The Evolution of a Dream

Written by Rev. Philip Stonhouse

The Commentary is found below the poem:

I have dreamed in many forms. In the beginning, it was a flow of colours, swirling and whirling in my mind’s eye as a sort of river of colour. Calming the colours eventually started to form images. When the colours became images they continued to move and change into new forms. The sky would turn into a roof, the street would turn to a beach, and items would come and go. I watched as if watching a movie, seeing the beauty that the world could become. As these images developed into stories I became part of them; I could touch and feel all that happened. It was as any waking hour, with just as much emotion and feeling. It was more than life ever could be. I understood all without conversation, without words; no talk was needed for experience. Understanding was instant and complete.
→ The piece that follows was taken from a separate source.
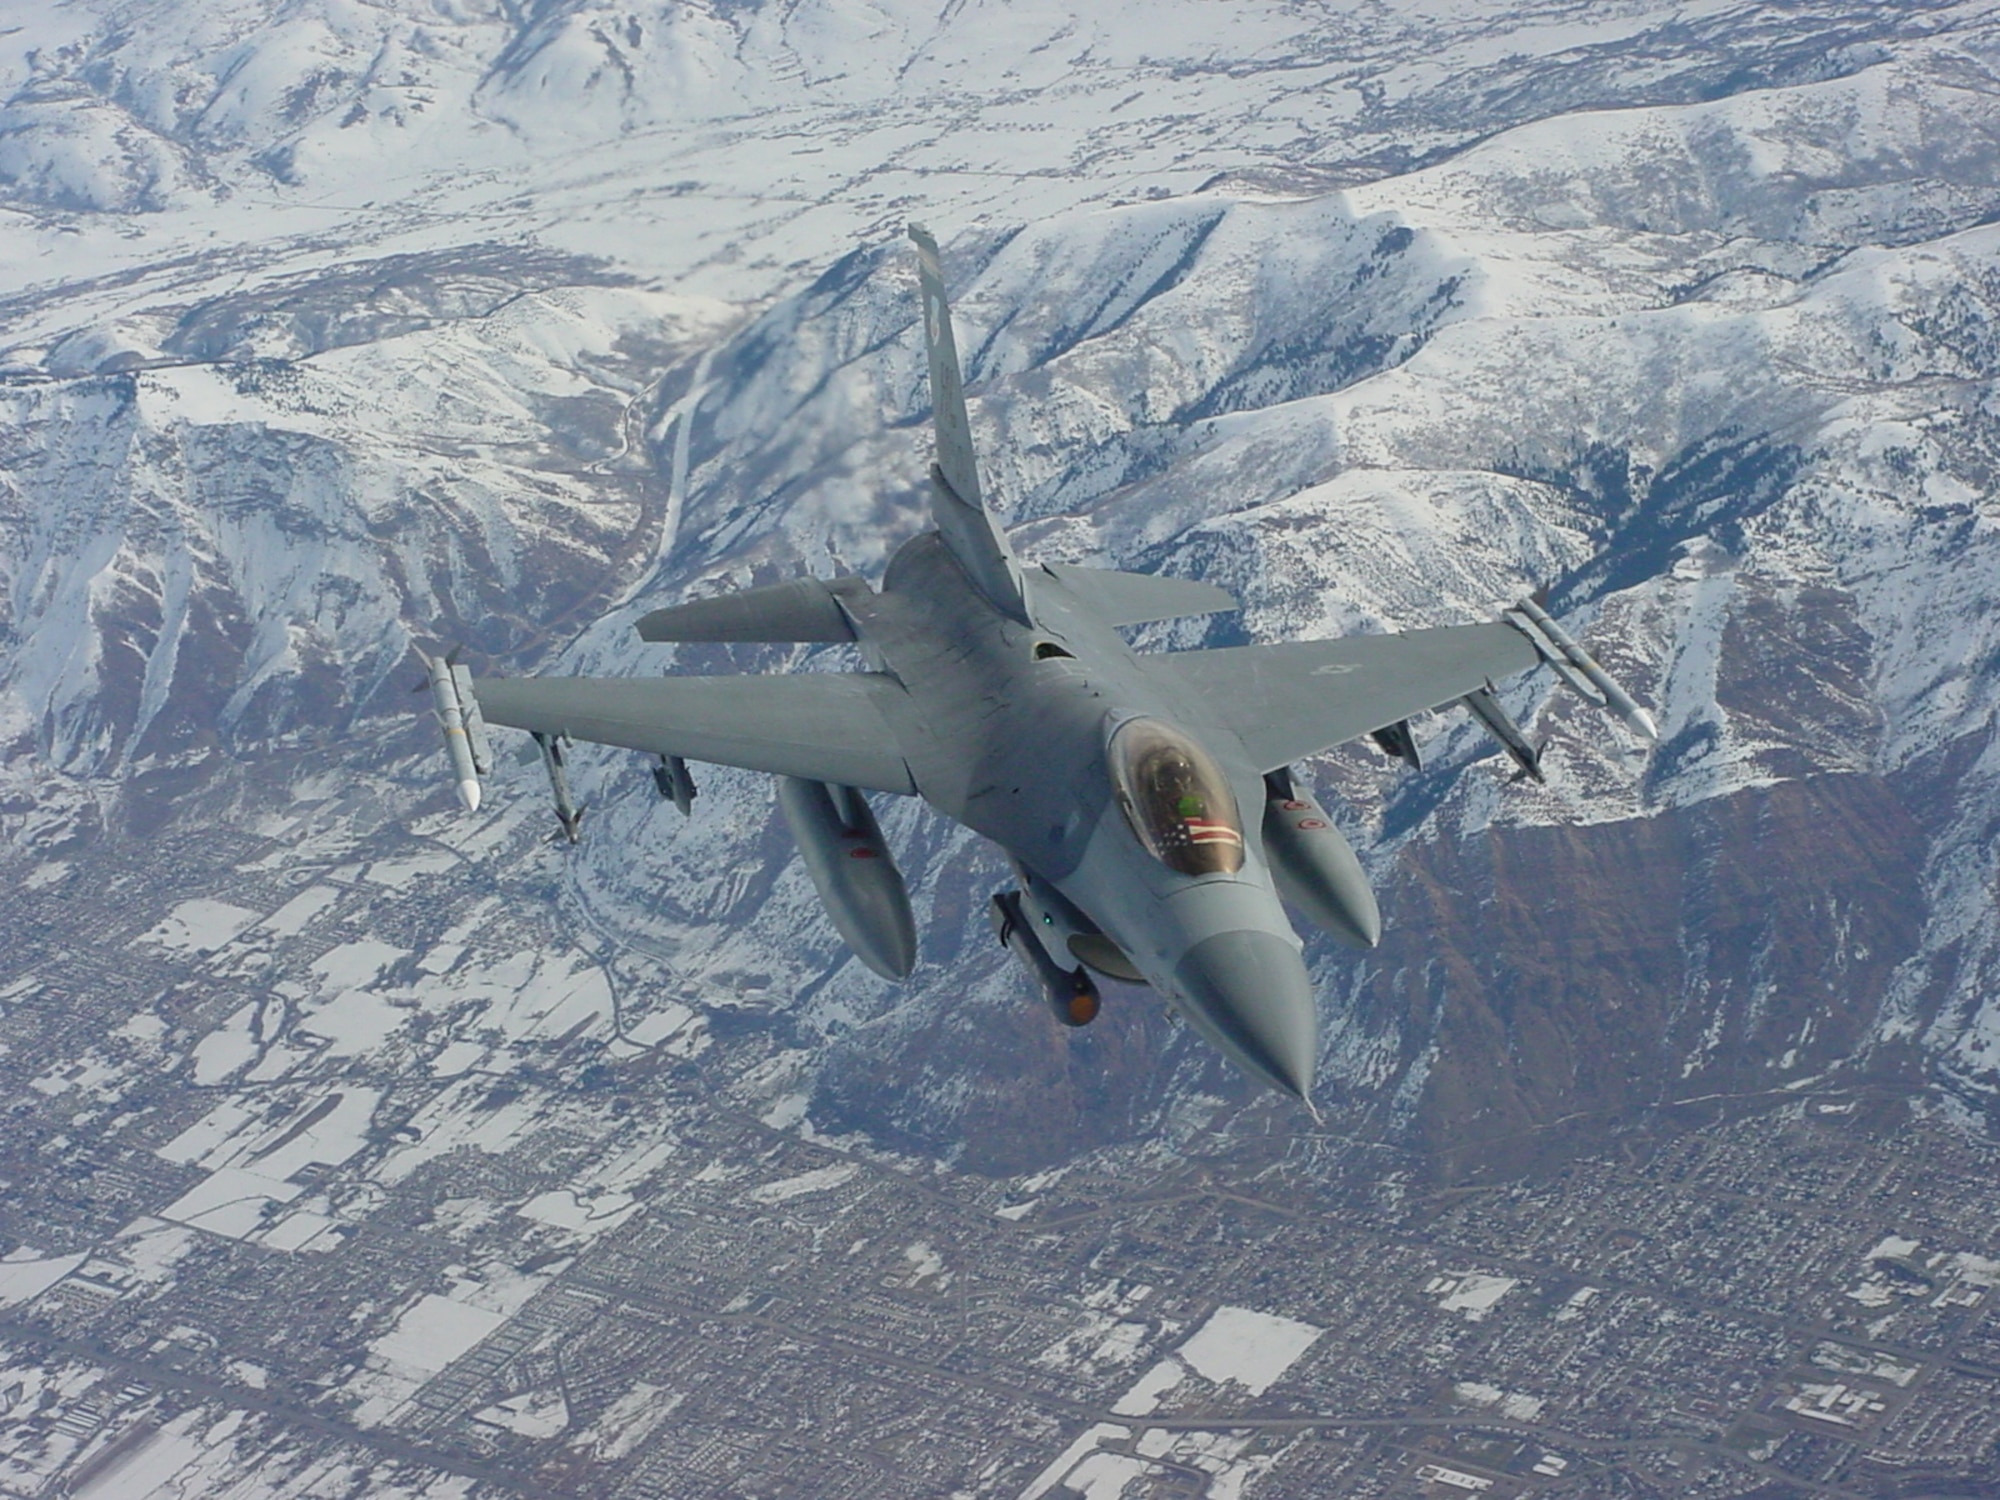 An F-16 flies over Salt Lake City as part of Operation Noble Eagle security for the 2002 Winter Olympic Games. The 388th Fighter Wing provided aerial security for all the XIX Olympics venues along the Wasatch Mountain Range in northern Utah.

As I began to understand the beauty of sound, music unlike any other became the soundtrack of my mind. I discovered a whole new world of sound and music; I created and listened to whole symphonies, sound was my playground. Language in all its glory was last to enter my mind. I began to understand in life, not all was perfect understanding, that there were thousands of ways to express any one thing: so the beauty of individual, creative expression was born. 

One or many of these ideas existed at any one point, yet as it stands I know nothing of nothing. I was never able to remember absence and lack of anything. There was one thing that was always there: emotion. It was there as my true response, the true response of feeling to sense. 
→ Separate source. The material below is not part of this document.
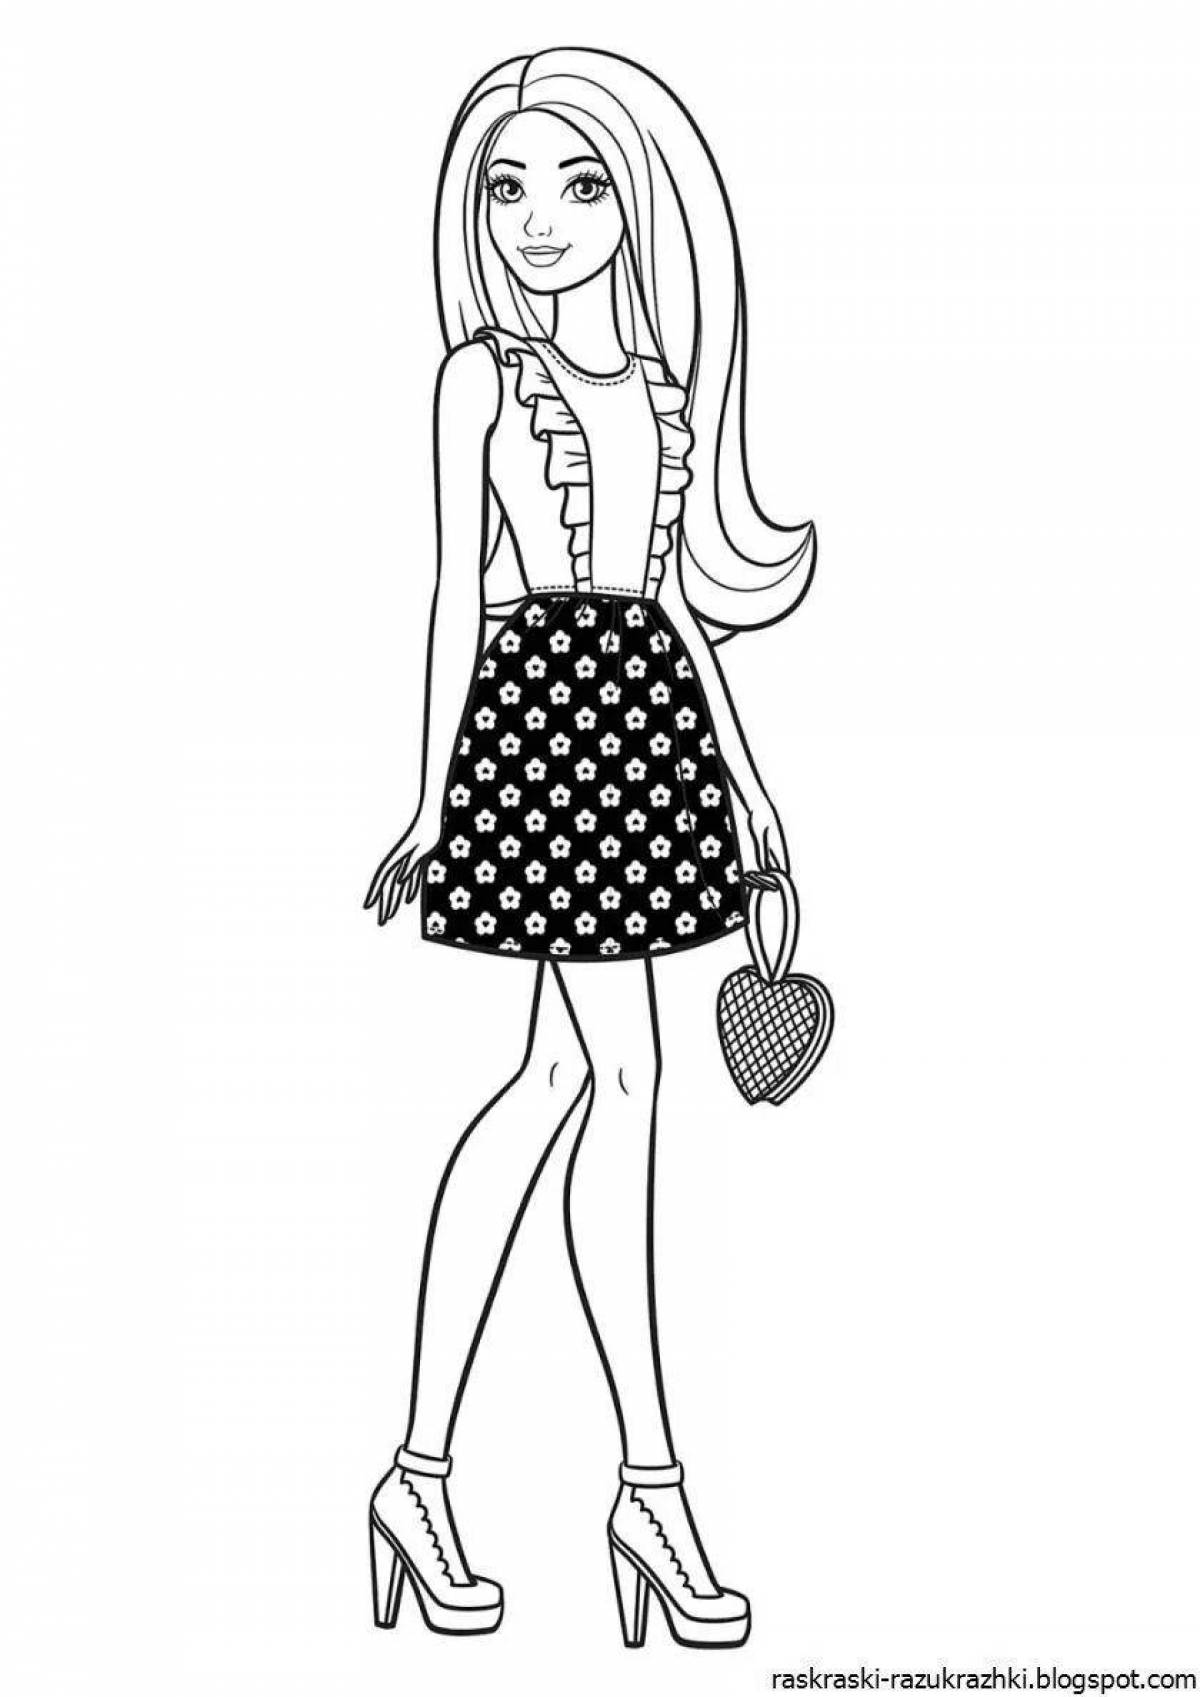 Coloring pages stylish girls - bright

After this life of experience from dreams, I have woken up in darkness. I try to reach out my hand in front of my eye but I see not and feel not its movement. There is no touch, no sound, no sight; my body itself seems not to exist. My mind is obsessed with this idea of nothing. From a place that seems to exist only in perspective, somewhere deep inside, from inside my soul, in the center of my very being, I feel a pulse of pain. Like a ripple in the water, it spreads and consumes all in pain and then disappears. Now that the pain has dissolved into nothing, I feel consumed by fear and sadness: fear of my lack of understanding of nothing and sad at my loss at coming into nothing. A spark of joy flows through me, it is surprising but it calms me. There is happiness in being, even if only being in nothing. All at once, I can feel every emotion grief, sadness, horror, playfulness, happiness, hatred, surprise, pleasure, pain, and calm. It started at nothing and built to absurdity. I feel as if I can no longer survive such extreme happiness. This much excitement feels like horrible agony as ever pain could. The pain itself had progressed but it no longer felt like pain, it was warmth and comfort. The sheer mass and power of each emotion obscure themselves into each other. Now I can touch the horror, I can see the excitement, I can taste the anger, I can hear the sadness, I can smell the calm. As they grew, they became one and the same and now it is nothing at all. 
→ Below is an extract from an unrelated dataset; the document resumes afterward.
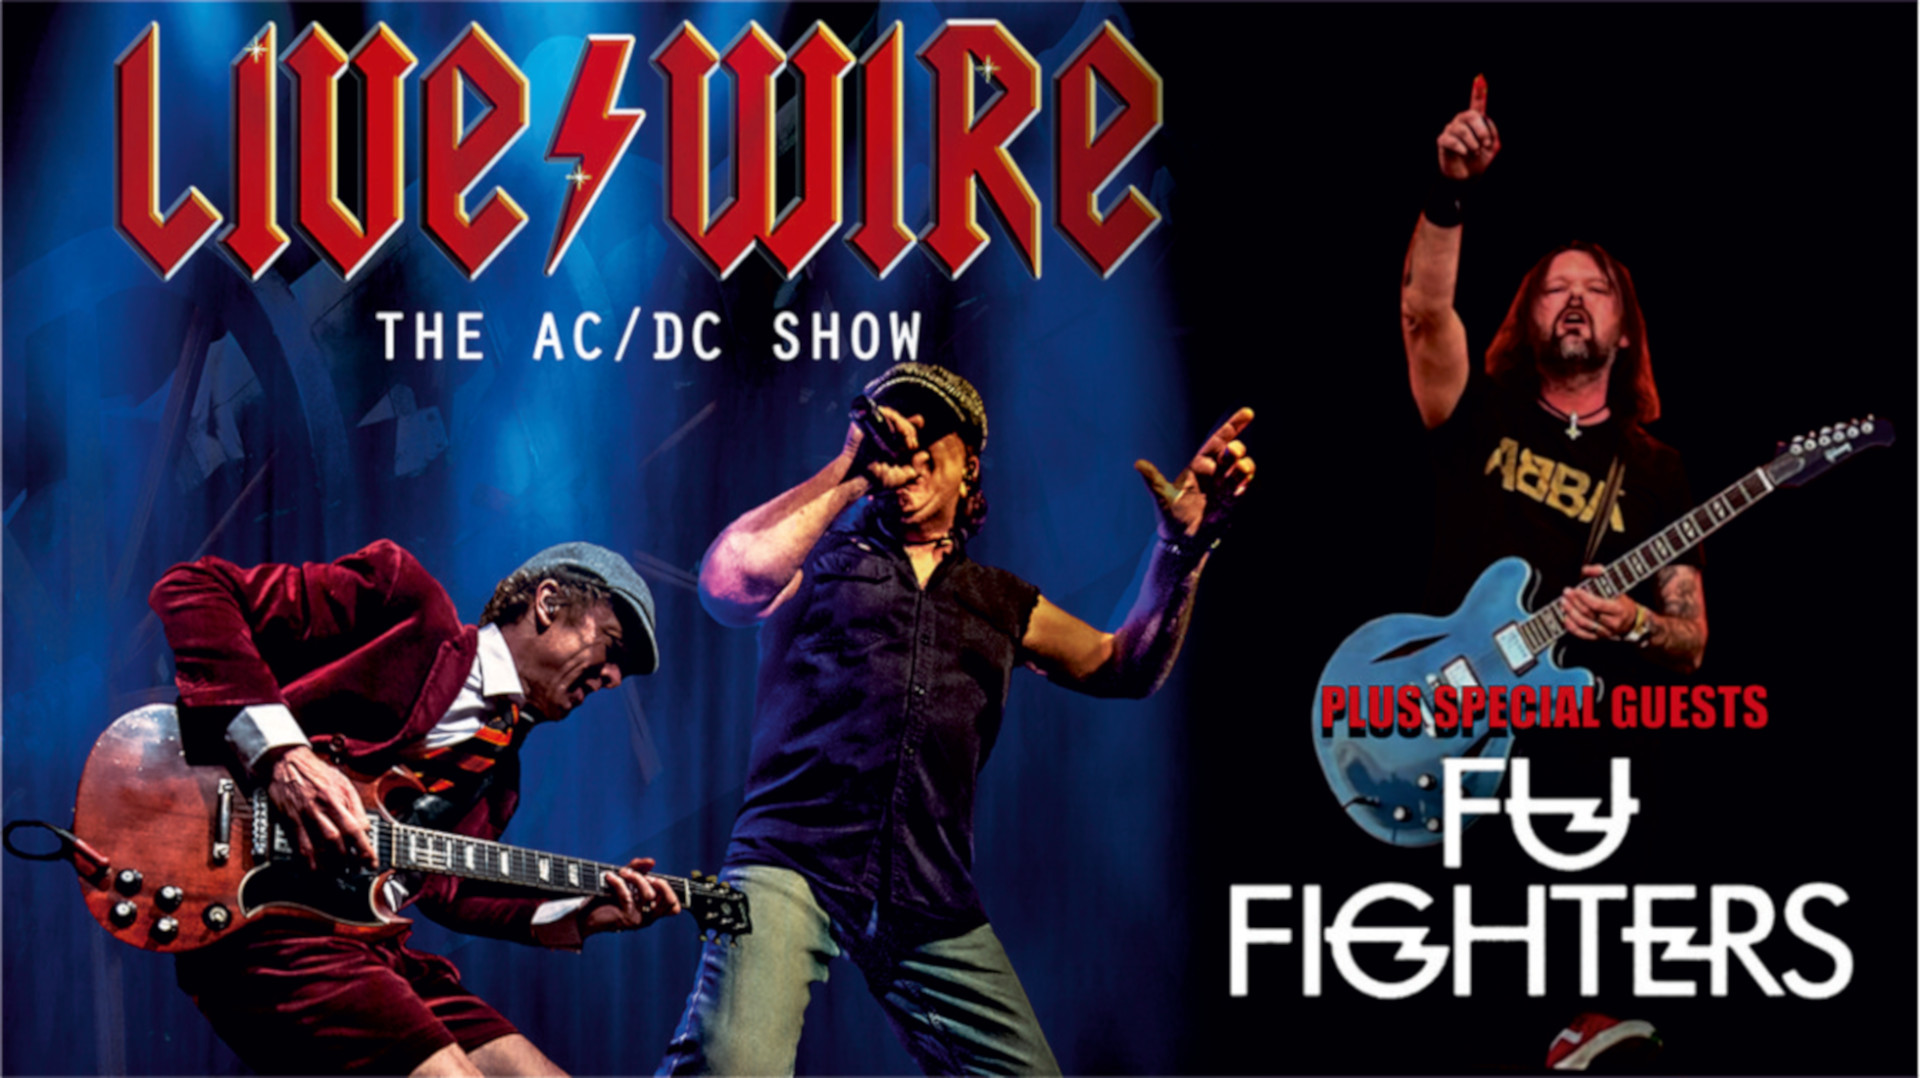 Livewire - AC/DC Tribute at Northwich Memorial Court event tickets from  TicketSource

Where had it all gone? All of it had come and gone into nothing. How did so much come from so little? There was all in nothing. It is funny the closest things we have to represent the infinite seem to be nothing: The Circle, the 0 as a continuous loop the never ends means nothing, zero, the absence of existence. Space: the eternal darkness, the giant vacuum. Both the infinite and nothingness are impossible to perceive. As something reaches infinity it appears to be nothing at all.

Commentary: Originally published in a U of T student anthology - I have often had very vivid dreams. I even taught myself to lucid dream. This prose poem came as a result of a very vivid dream I had in which absent of everything else my emotions heightened to such a degree that they were both horrifying and glorious. C.S. Lewis once said that when each of us are extended into the infinite we will become just like either of these, horrors or glorious. This poem also challenges our ability to perceive/experience the infinite, which is God or the absence which is distance from him.